I have a library that converts request params from a Plug app into Ecto queries for dynamic filtering of database rows. Baiscally I have some utils that generate appropriate form fields (which you put in your template), and a function that consumes the parameters in the request and generates the Ecto query.
The format of the parameters is something like this:
<input type="text" name="_search[column_name][operator]" value="contains"></input>
<input type="text" name="_search[column_name][value]" value="xxx"></input>
This is parsed by Plug into:
params = %{
"_search" => %{
"column_name" => %{
"operator" => "contains",
"value" => "x"
}
}
}
And compiled into the following Ecto query:
import Ecto.Query, only: [from: 2]
query = from c in MySchema, where: c.column_name == "%x%"

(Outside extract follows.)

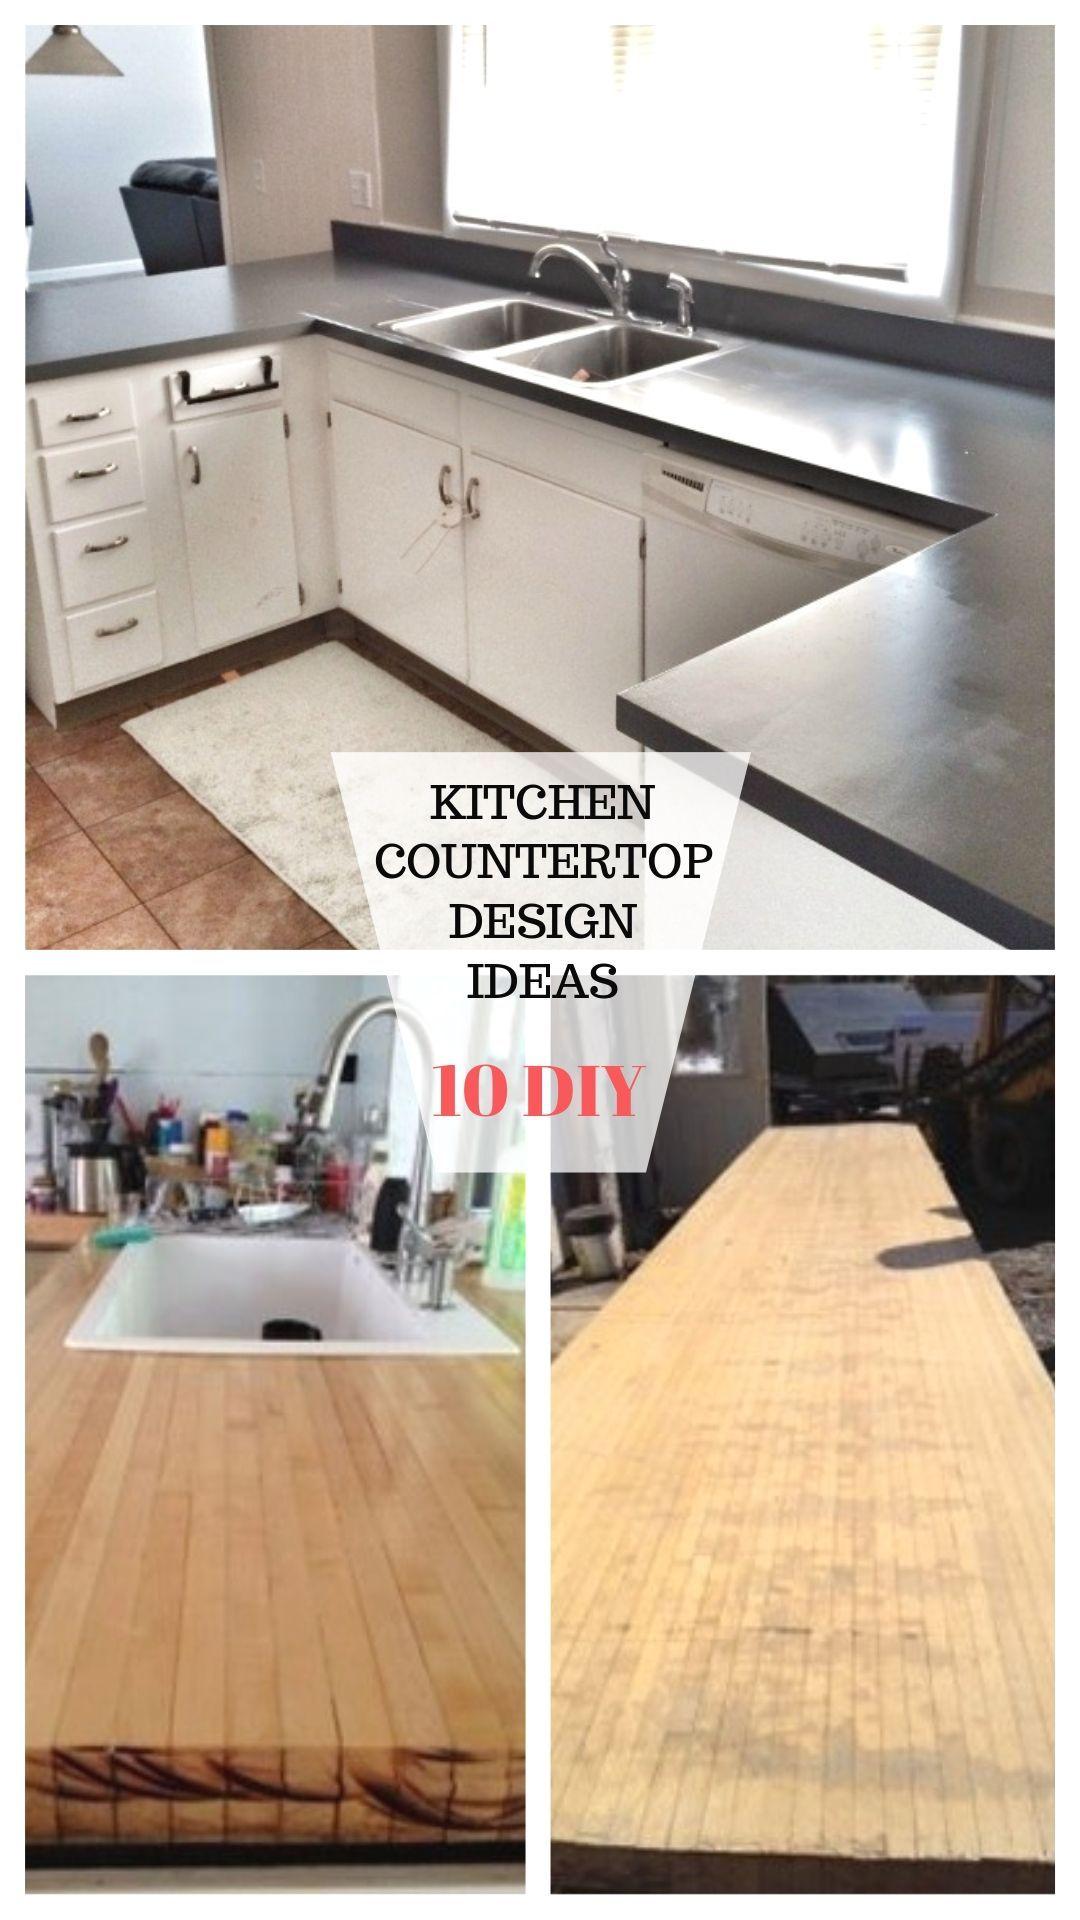 Teal Kitchen Decor Kitchen Decor Walmart Mickey Mouse Kitchen Decor Pink Kitchen Decor Oran In 2020 Diy Kitchen Countertops Diy Kitchen Kitchen Backsplash Designs

This is very simple to use and understand if on filter appear only once in the where
clause.
But suppose I have something like:
query = from c in MySchema, where: (c.number > 1 and c.number < 6)
I can’t use the format above, because a map can’t repeat a key. I don’t think there’s anything I can do to coerce Plug into inputs with the same name in a form into a list instead of a map (by the way, in my opinion, using a list of pairs instead of a map would have been a better choice), and I don’t want to customize my pipeline with a special plug just because of this. I’d like to be able to decode the params as returned by plug.
So I’ve thought of two possibilities be able to reuse a field name:
- Change the format to:
params = %{
"_search" => %{
"uuid-long-random-string-of-hex-digits" => %{
"column_name" => %{
"operator" => "contains",
"value" => "x"
}
},
"another-random-uuid" => %{
"column_name" => %{
"operator" => "contains",
"value" => "y"
}
}
# ...
}
}
I could then have in my template:
<%= input_widget(field: :column_name, operator: "greater_than") %>
<%= input_widget(field: :column_name, operator: "less_than") %>
which would generate:
<input type="text" name="_search[random-uuid][column_name][operator]" value="contains"></input>
<input type="text" name="_search[random-uuid][column_name][value]" value="xxx"></input>
<input type="text" name="_search[another-random-uuid][column_name][operator]" value="contains"></input>
<input type="text" name="_search[another-random-uuid][column_name][value]" value="xxx"></input>
UUIDs can be generated randomly and independently, each time I instantiate a widget, I’m sure (except for the vanishingly unlikely collision) that the fields won’t overwrite each other won’t repeat. The main problem here is that this makes my functions non-deterministic.
- Use the fact that I (and users) will be doing something like:
<%= form_for_field_filters resource, url, options, fn f -> %>
<%= input_widget(f, :field1) %>
<%= input_widget(f, :field2) %>
<%= input_widget(f, :field3) %>
<% end %>
in which all the calls to input_widget
happen in the same process. That way, I can use the process dictionary to keep a monotonic counter, which is initialized to zero by form_for_field
and incremented by input_widget
. That way, although input_widget
isn’t deterministic in isolation, the the template itself will be deterministic.
The Plug params would be:
params = %{
"_search" => %{
"0" => %{
"column_name" => %{
"operator" => "contains",
"value" => "x"
}
},
"1" => %{
"column_name" => %{
"operator" => "contains",
"value" => "y"
}
},
"2" => %{
"column_name" => %{
"operator" => "contains",
"value" => "z"
}
}
# ...
}
}
The format is just as easy to parse as the one above, and even has the advantage of preserving order (which I don’t really use, of course, but it’s interesting nonetheless). The disadvantage is that it’s just as non-deterministic as the one above and messes with the Process dictionary… It also breaks if for some unfathomable reason the user decides to generate the input widgets in different processes…
- Use the builder pattern in which I pipe the result of one widget into the other widget. The disadvantage is that it doesn’t play well with EEx templates. I could always generate the form with normal Elixir code, for example:
widgets =
input_widget(f, field1)
|> input_widget(f, field2)
|> input_widget(f, field3)
Of all of these, the one I think I should implement is option 2. Do you think this is a legitimate use of the Process dictionary? I mean, even the elixir formatter does this: https://github.com/elixir-lang/elixir/blob/425cebf10c24193f42187664dae6aaa8dbe4486f/lib/elixir/lib/code/formatter.ex#L202, in a place where it feels less justified (why don’t they pass the options around?).
Thanks in advance for all the input.